---
author: ''
category: ''
date: 2012/06/29 22:01
description: ''
link: ''
priority: ''
slug: a-simple-nikola-link-checker
tags: python, nikola
title: A Simple Nikola Link Checker
type: text
updated: 2012/06/29 22:01
url_type: ''
---
One of the most important things when you are building a static site
generator like `Nikola <http://getnikola.com>`_  is that your
site should not be broken. So, I really should have done this earlier ;-)

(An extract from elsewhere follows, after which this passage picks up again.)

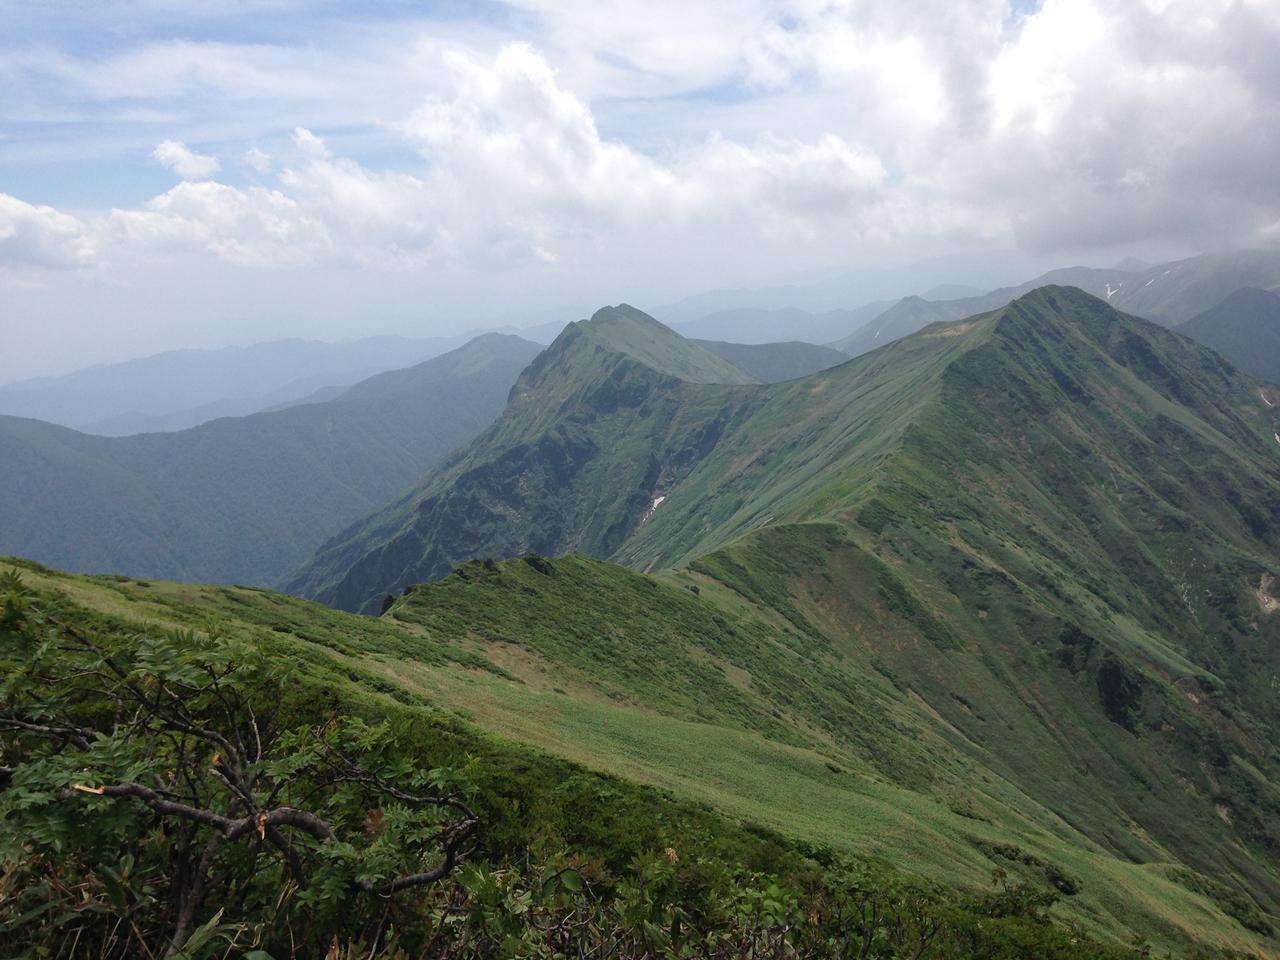 画像: 【筆者レポ】日本百名山! 群馬県・谷川岳 ロープウェイで初心者でも絶景を楽しめる - ハピキャン(HAPPY CAMPER)

This is a very simple link checker that ensures the pages `Nikola <http://getnikola.com>`_ generates
have no broken links. I will make it part of `Nikola <http://getnikola.com>`_ proper once it's more
polished and doit supports
`getting a list of targets <https://bitbucket.org/schettino72/doit/issue/21/getargs-support-to-get-task-metadata>`_

To try it, `get it </static/nikola_linkcheck.py>`_ and run it from the same place where you
have your conf.py, right after you run ``doit``.

.. code-block:: python

    import os
    import urllib
    from urlparse import urlparse

    import lxml.html

    def analyze(filename):
        try:
            # Use LXML to parse the HTML
            d = lxml.html.fromstring(open(filename).read())
            for l in d.iterlinks():
                # Get the target link
                target = l[0].attrib[l[1]]
                if target == "#":  # These are always valid
                    continue
                parsed = urlparse(target)
                # We only handle relative links.
                # TODO: check if the URL points to inside the generated
                # site and check it anyway
                if parsed.scheme:
                    continue
                # Ignore the fragment, since the link will still work
                # TODO: check that the fragment is valid
                if parsed.fragment:
                    target = target.split('#')[0]
                # Calculate what file or folder this points to
                target_filename = os.path.abspath(
                    os.path.join(os.path.dirname(filename), urllib.unquote(target)))
                # Check if it exists, or report it
                if not os.path.exists(target_filename):
                    print "In %s broken link: " % filename, target
        except Exception as exc:
            # Something bad happened, report
            print "Error with:", filename, exc

    # This is hackish: we use doit to get a list of all
    # generated files. Minor modifications would let you check
    # the non-generated files as well.

    for task in os.popen('doit list --all', 'r').readlines():
        task = task.strip()
        if task.split(':')[0] in (
            'render_tags',
            'render_archive',
            'render_galleries',
            'render_indexes',
            'render_pages',
            'render_site') and '.html' in task:
                # It looks like a generated HTML file
                analyze(task.split(":")[-1])